» EXERCISE DESCRIPTION
Starting at the line that holds "2030-vision-drive-lens-technology-logo-2", restate every line word for word up to and including the last one in the listing below, and omit all pictures.

» SOURCE DATA
····················
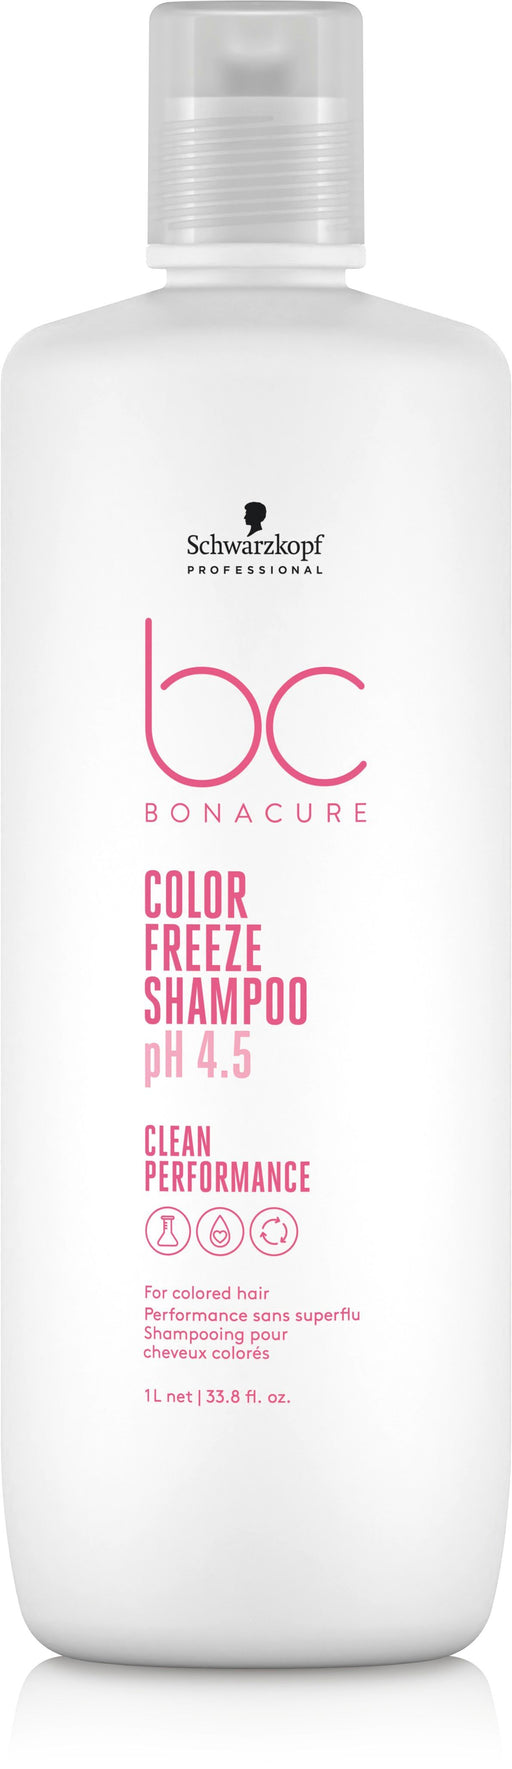 Schwarzkopf BC Clean Performance Color Freeze Shampoo
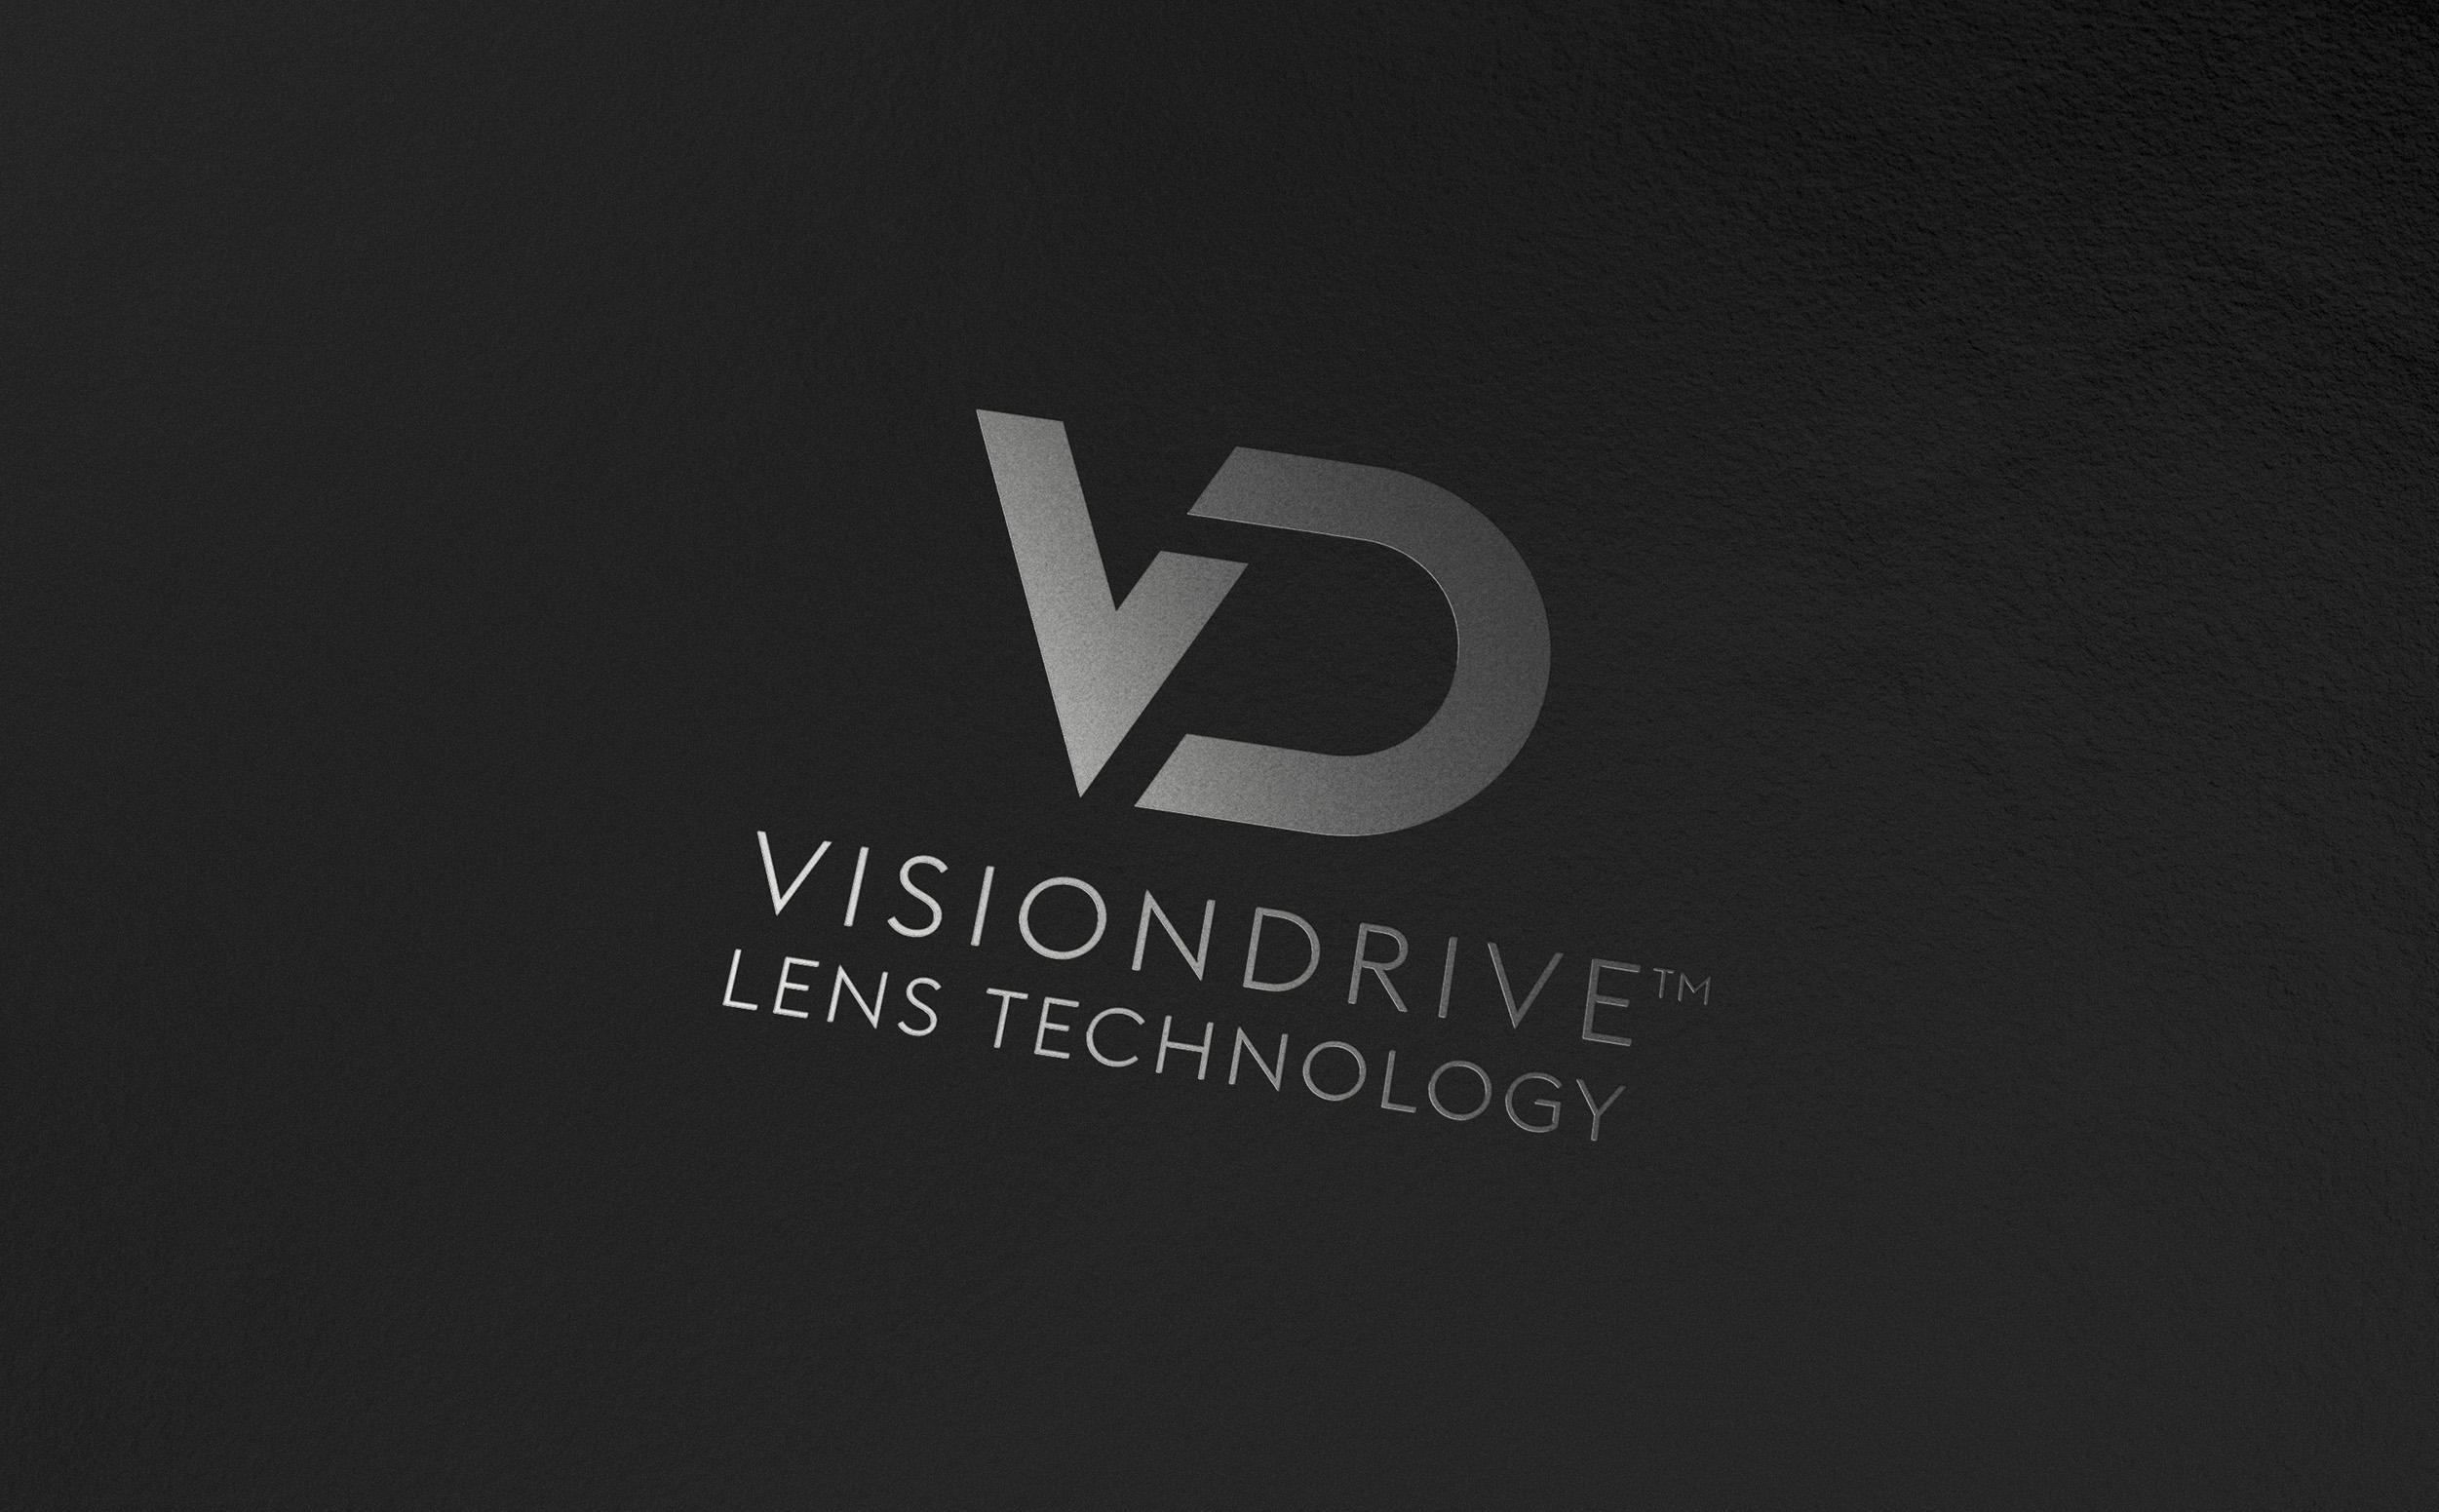 2030-vision-drive-lens-technology-logo-2
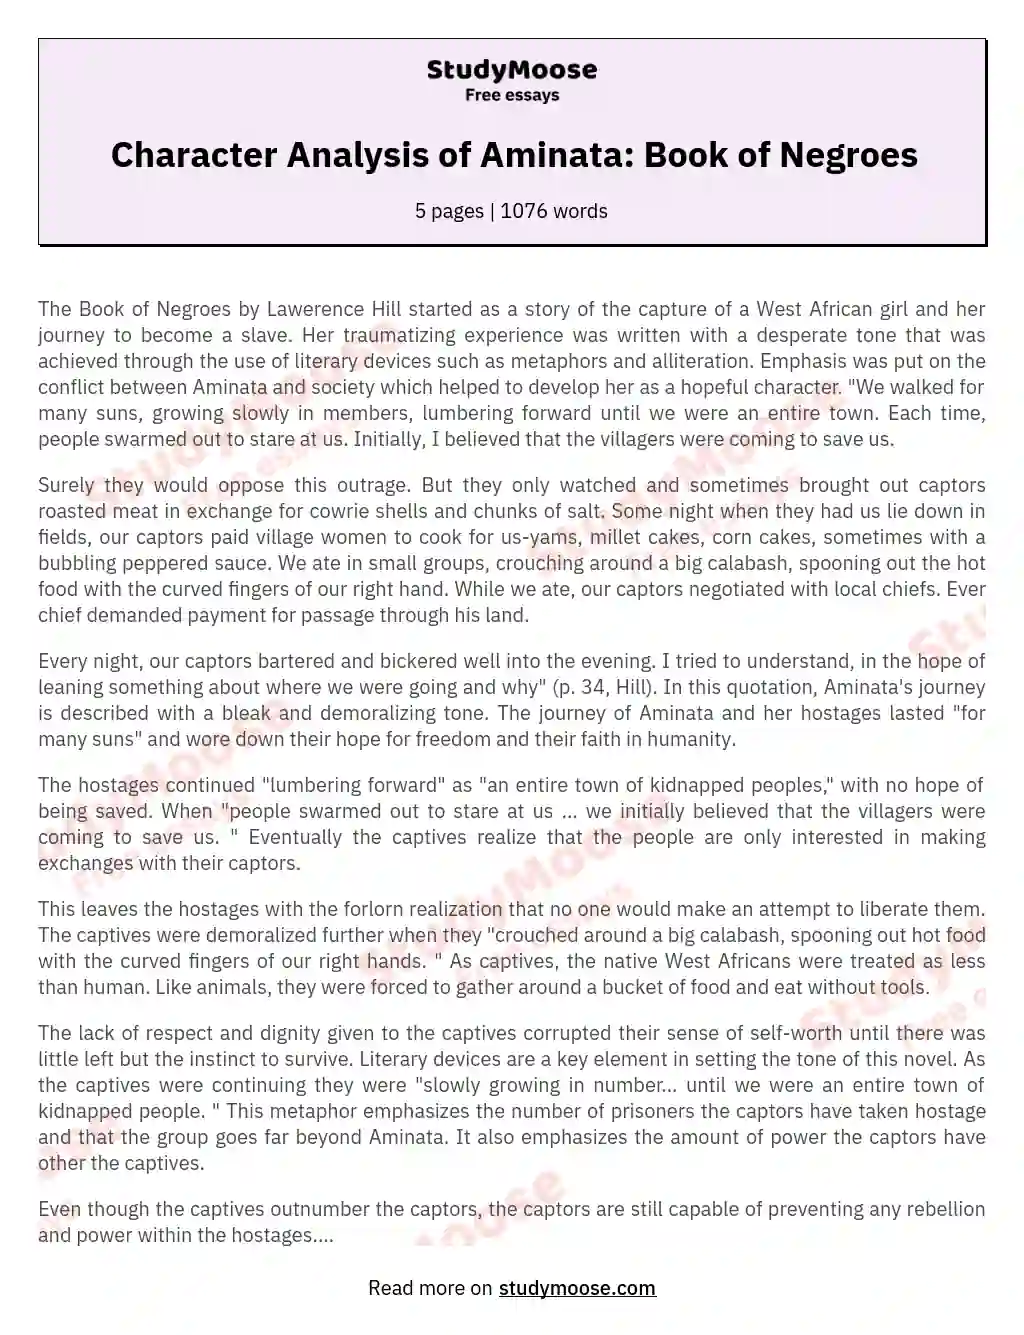 Character Analysis of Aminata: Book of Negroes essay
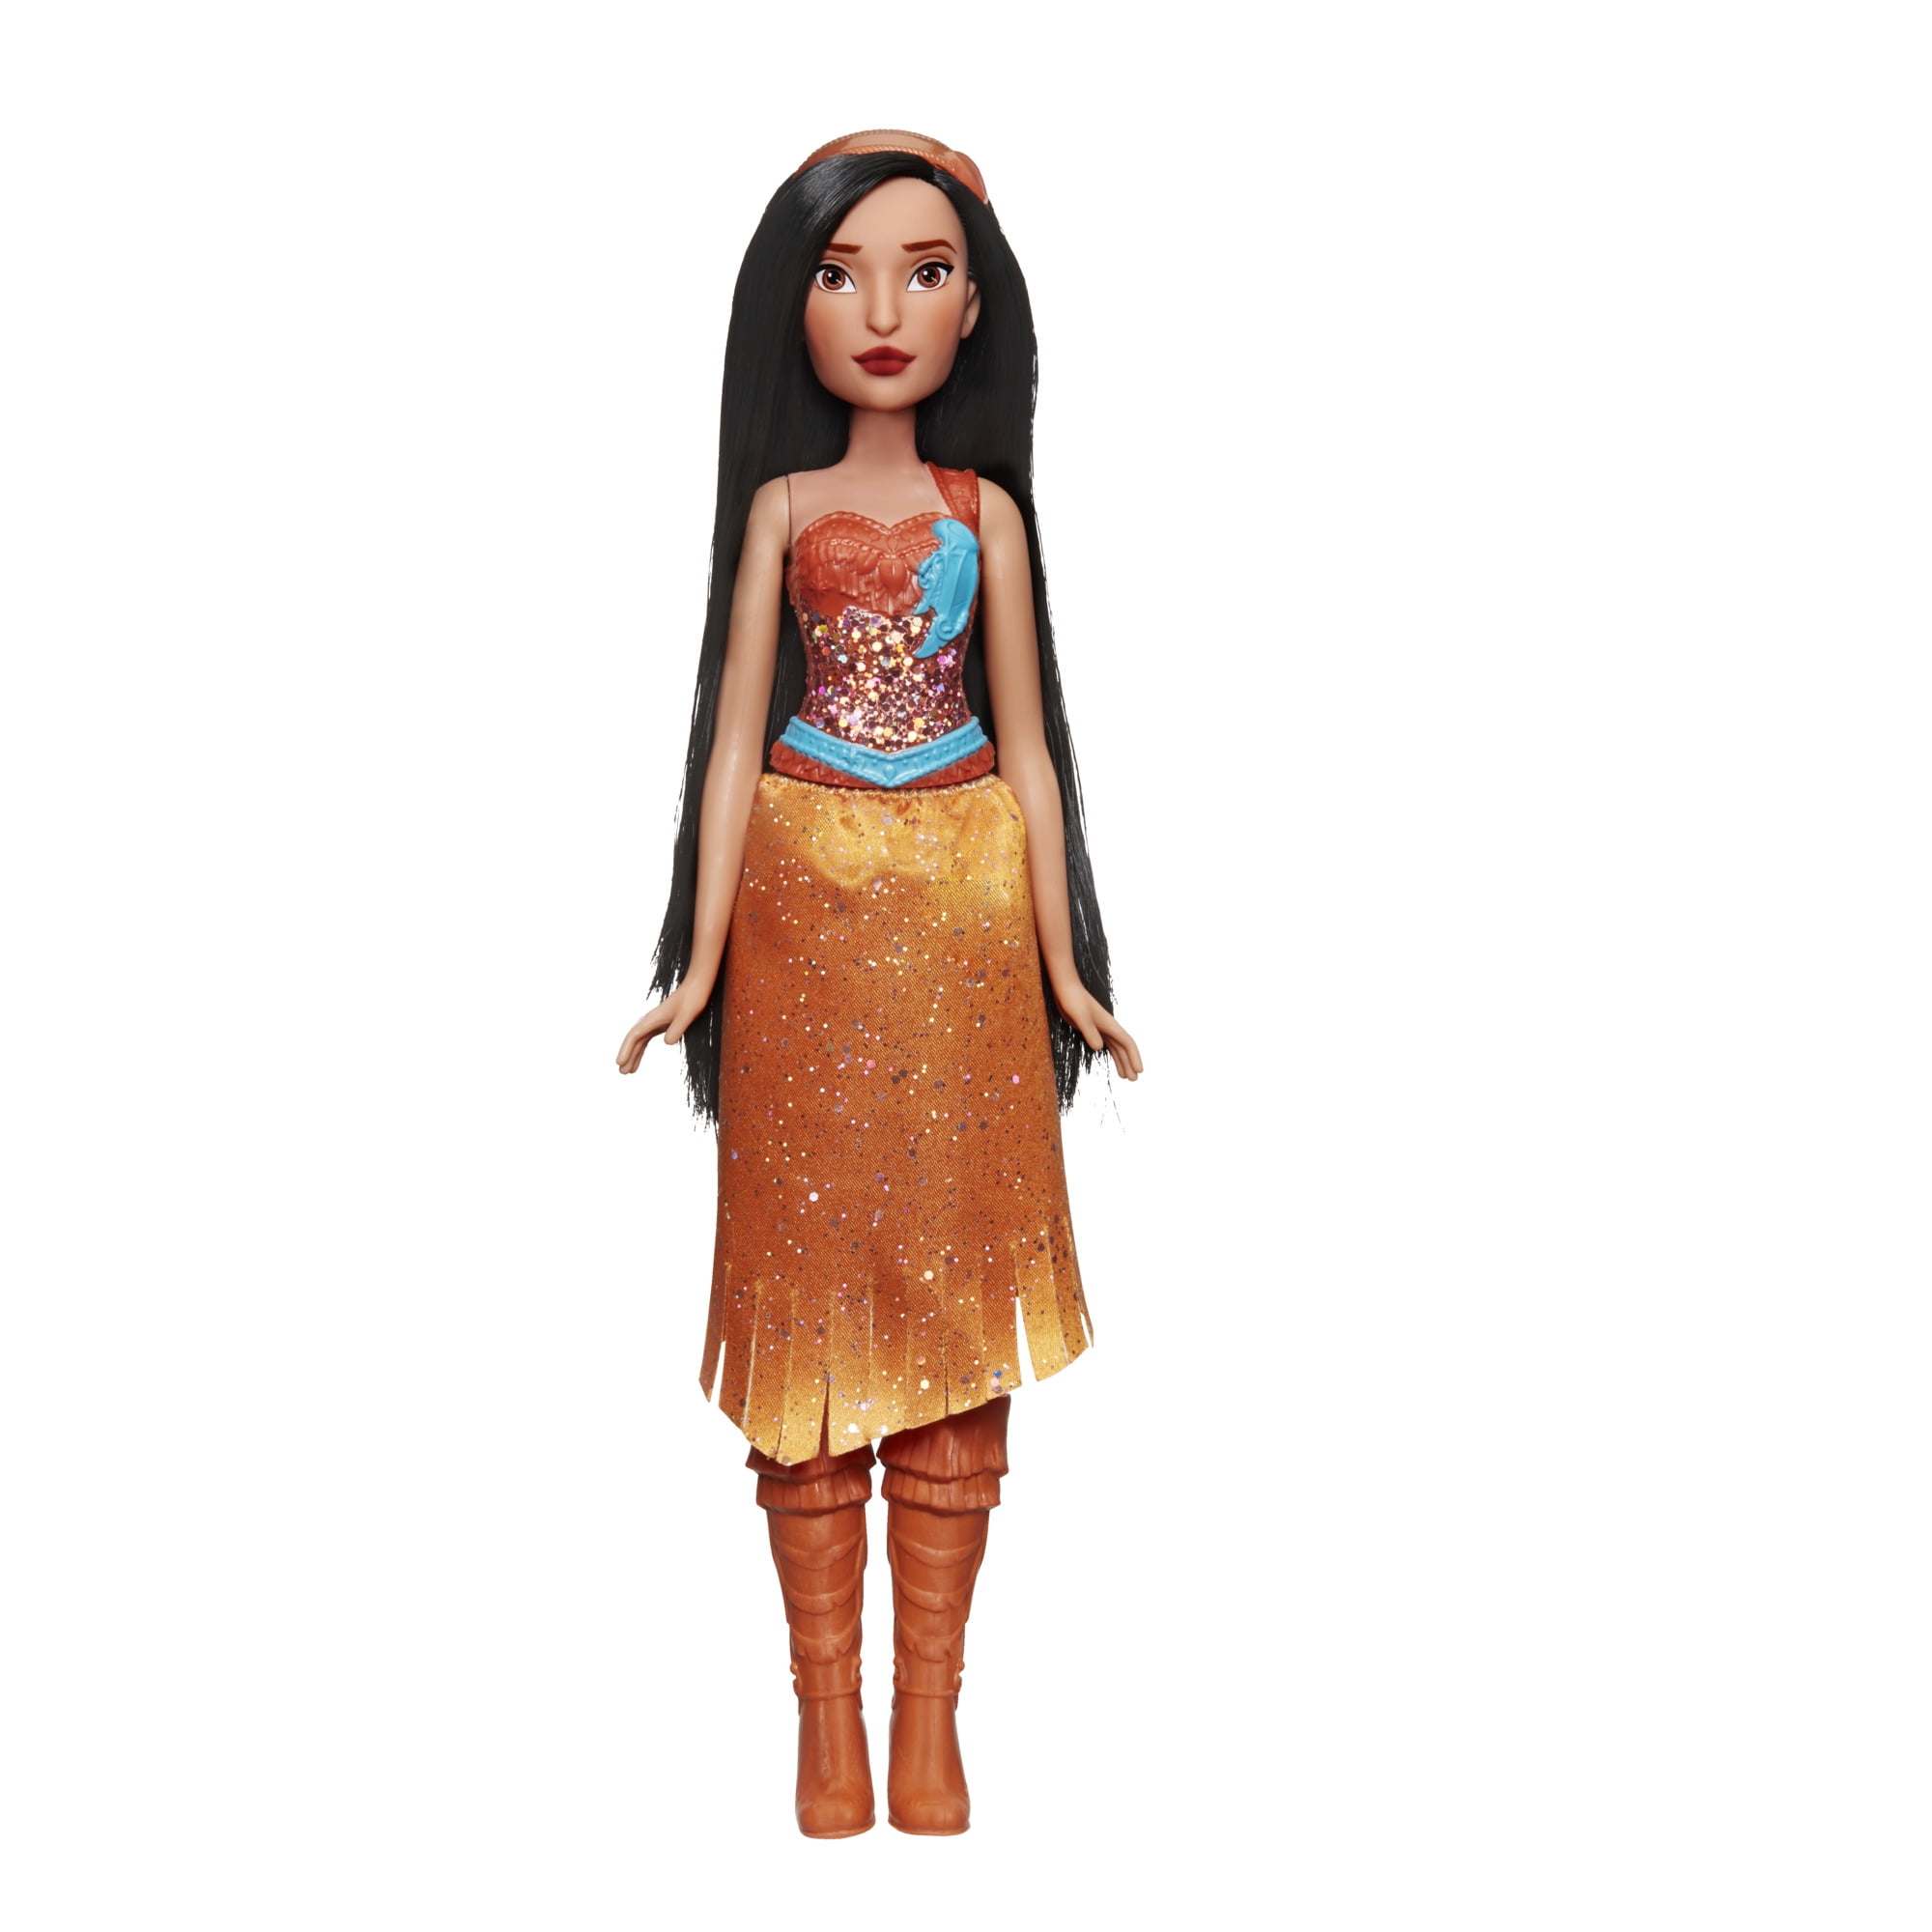 Disney Princess Shimmer Pocahontas Fashion Doll
····················
» WRITTEN REPLY
 2030-vision-drive-lens-technology-logo-2
 Character Analysis of Aminata: Book of Negroes essay
 Disney Princess Shimmer Pocahontas Fashion Doll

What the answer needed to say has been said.